At an intersection after I got off the interstate, the SUV in front of me signaled a left turn, then a right, then a left, then nothing, then a left, and then she slowly drove forward when the person who, rather than go through the intersection sat there being polite, I assume waiting to see which way the SUV would finally turn, as a line of cars gathered behind her.
There are rules at four way stops regarding whose turn it is. The first one goes first, and people go forward in the order in which they arrived at the four-way stop. Two cars arriving at approximately the same time meant the first on truly there goes first while with tied arrivals the car to your right has the right of way. When I got to a four-way intersection I was the second car in my lane, just behind an SUV whose driver decided to sit there waving on the cars in the other three streets for two each street throwing off the order and introducing confusion as to whose turn came after she finally proceeded so the guy behind me who should have been the fifth car through the intersection in normal rotation had to wait for twice as many cars after the traffic at the intersection had to figure out whose turn it was to go. After the SUV in front of me finally went, the car behind still had to wait for me to go and then the other three streets who followed the rule before he finally got to go.
And YES, I checked when I was able to see the SUV drivers and they all had three things in common. They were young mothers driving a vehicle that was scary to drive and over whose dashboard they could hardly see and many had stick figure families on the back window.
Stopping for gas added to the day’s experience as I, like the cars behind me signaled and began the left hand turn into the gas station when the SUV at the front got just over the sidewalk part of the entrance and stopped apparently to decide what to do next causing the cars behind to have to stop while blocking the two lanes until she finally proceeded to one of the four empty pumps.
As I and the car behind me pulled up to the pumps, a red SUV came charging from the opposite direction and pulled up to the pump a car that entered behind me had been heading toward at a careful pace forcing him to have to wait. To make this impolite action worse, the driver of the SUV turned off her engine, opened to door, looked back to the pump, judged that she was not properly up to the pump, restarted her engine and backed up a bit. Shutting off the engine she repeated this and moved the SUV forward, then back until she was pleased. She turned of her engine, opened the door, and then sat in her car and made a phone call which she was still making while I finished pumping my gas and ran into the store to get a lottery ticket.
Finally got home after upon getting to a traffic light, I had to sit behind an SUV whose driver was allowing the cars on the cross street make their right on red turns while the SUV, me, and the cars behind me were kept from moving forward when the light had turned green for us.

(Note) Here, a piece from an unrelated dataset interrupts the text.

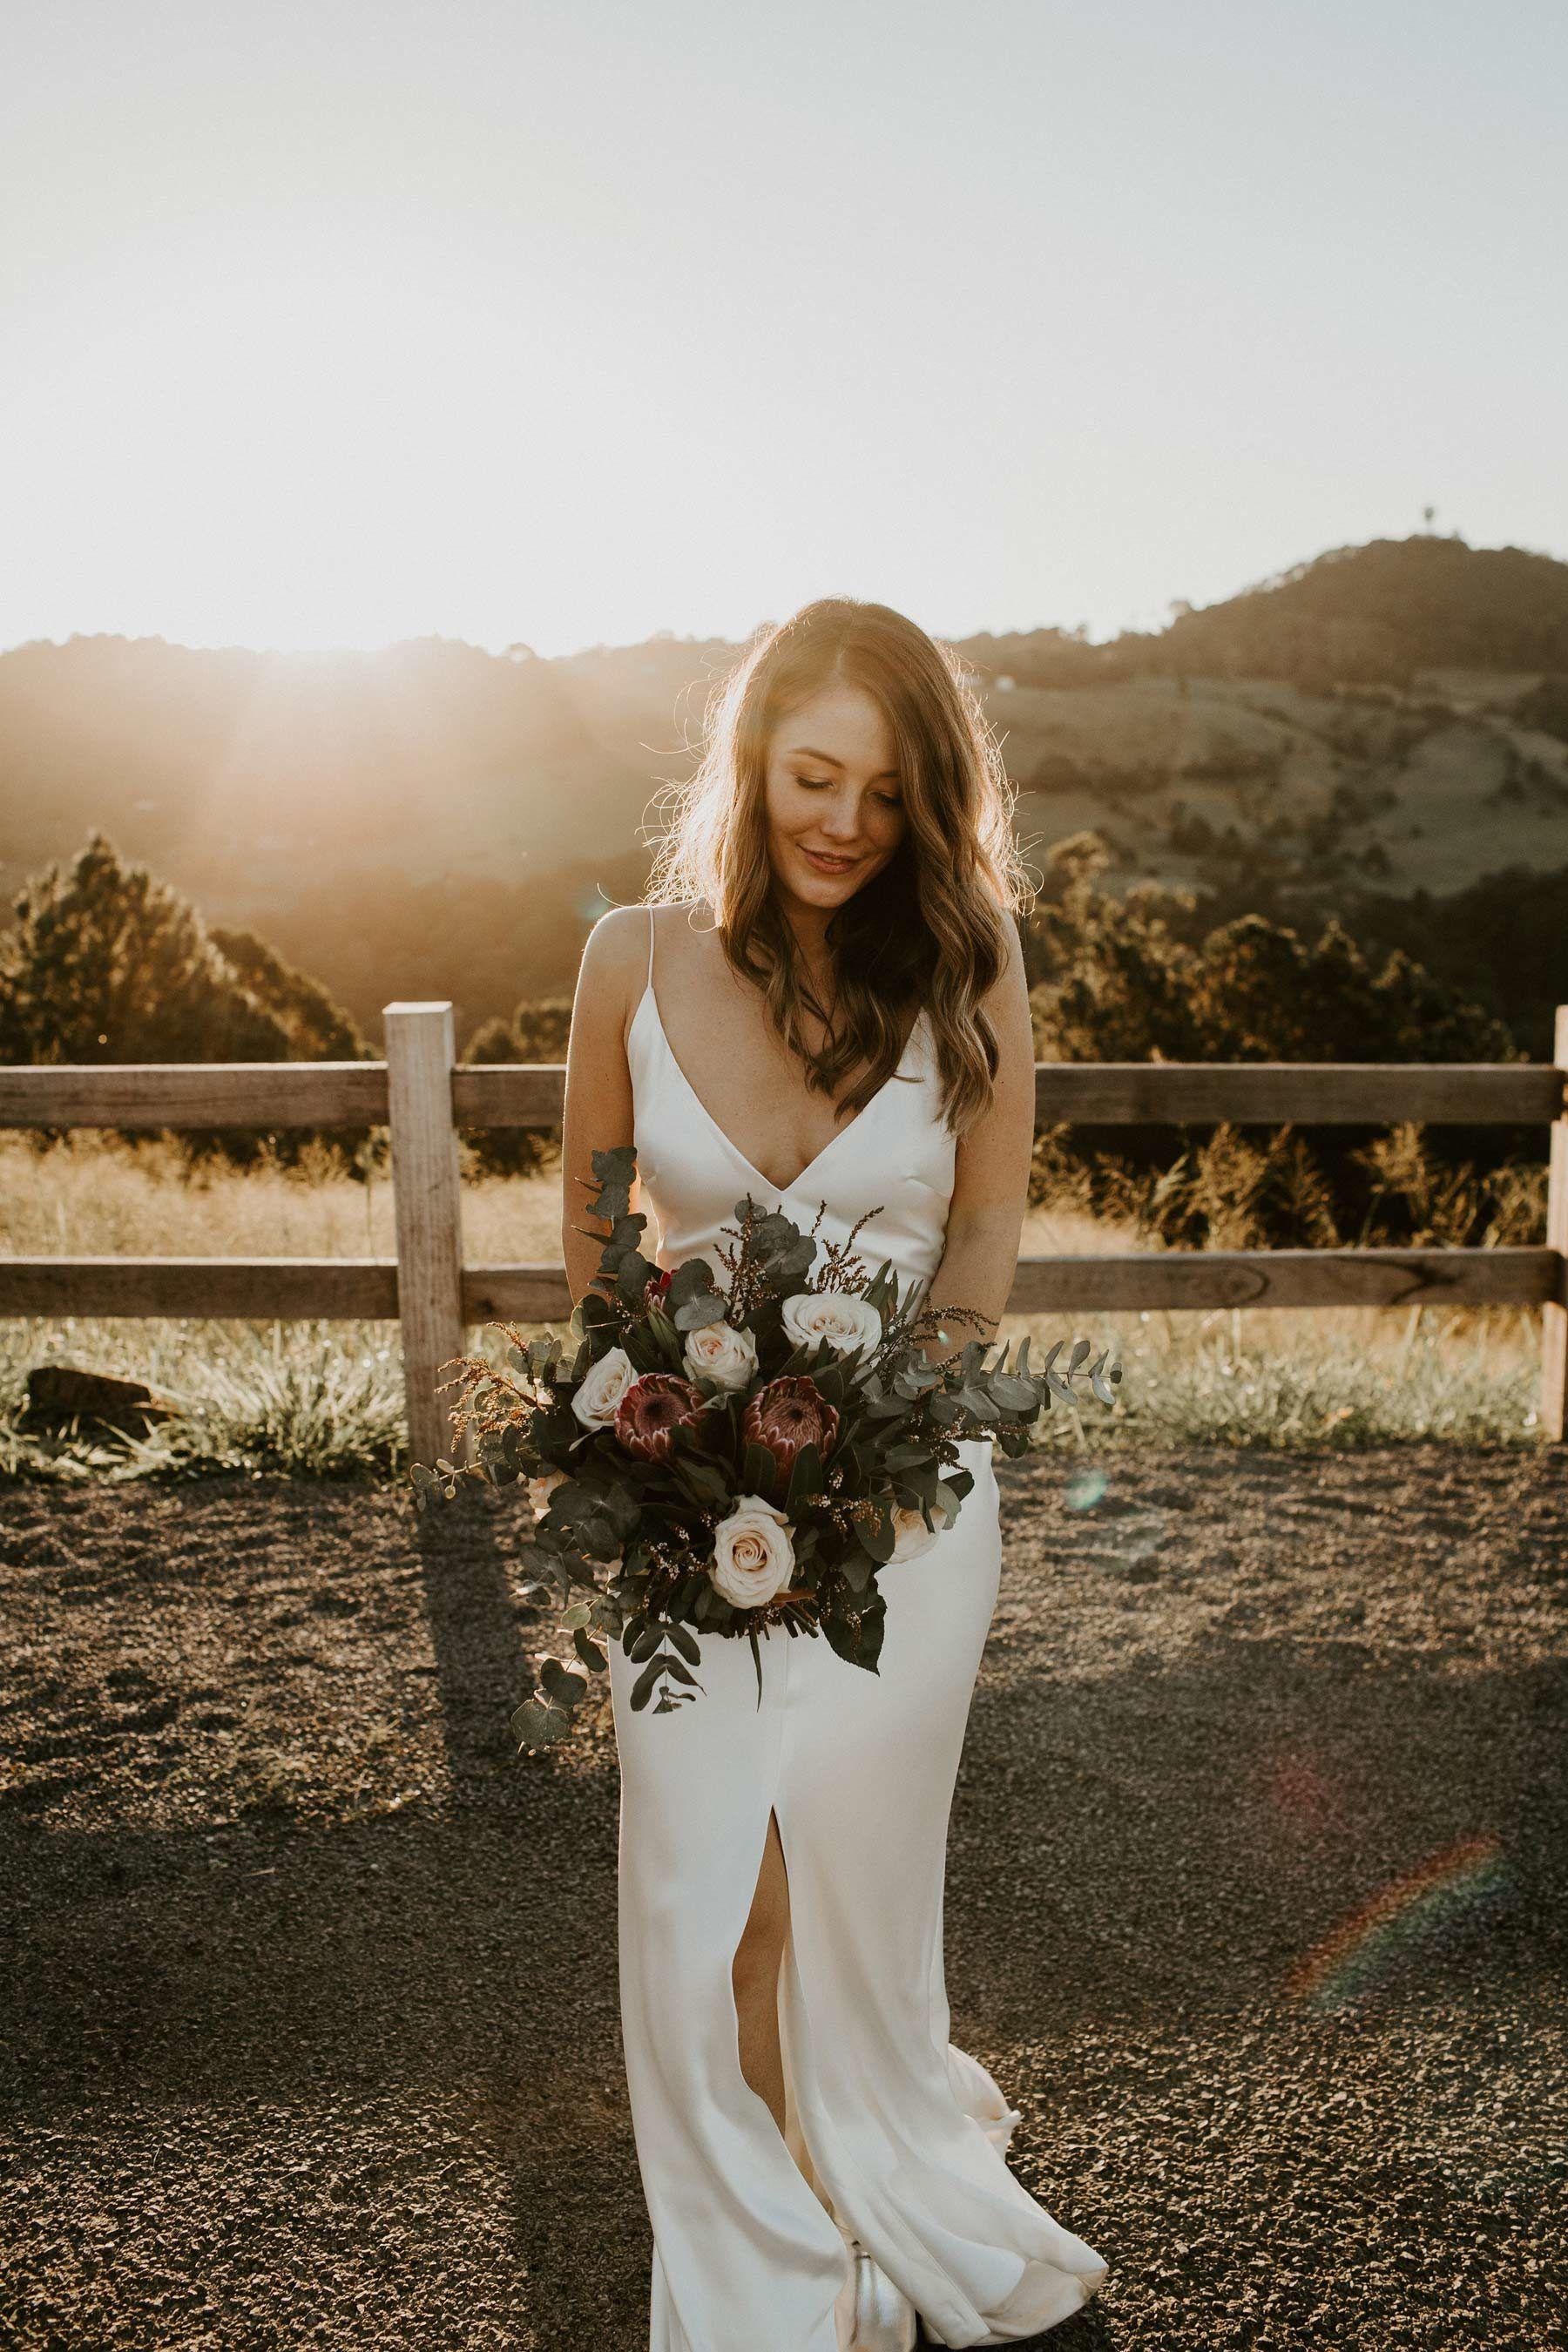 Jacinta & Daniel's Summergrove Estate Wedding (Planned in

Having done her charity work, and wanting to get somewhere, the SUV in front finally crawled through the intersection leaving all the cars behind stuck at the light.
The intersection nearest my apartment means I take two successive rights and I am in my building’s parking lot. There is a McDonalds at that corner, and when the light changed as I waited the SUV at the front of the line rounded the corner, stopped at the entrance of Micky D’s just around the corner and the driver waved on all cars coming the other way that were signaling a turn into that parking lot and when they were all in it, only then turned on her signal to indicate she too was going in, but was unable to as all the cars she had let in formed a line from the drive-thru o the entrance. She was the only vehicle to get through the light.
If old people can lose a driver’s license because their age is assumed to be an automatic disqualifier, judging from the SUV drivers I had encountered, there should be a minimum height requirement before anyone can buy an SUV and it should be illegal to have baby on board signs and stick families on rare windows.
No one should be allowed to buy a vehicle that frightens them and which they drive as if it is uncontrollable and cumbersome.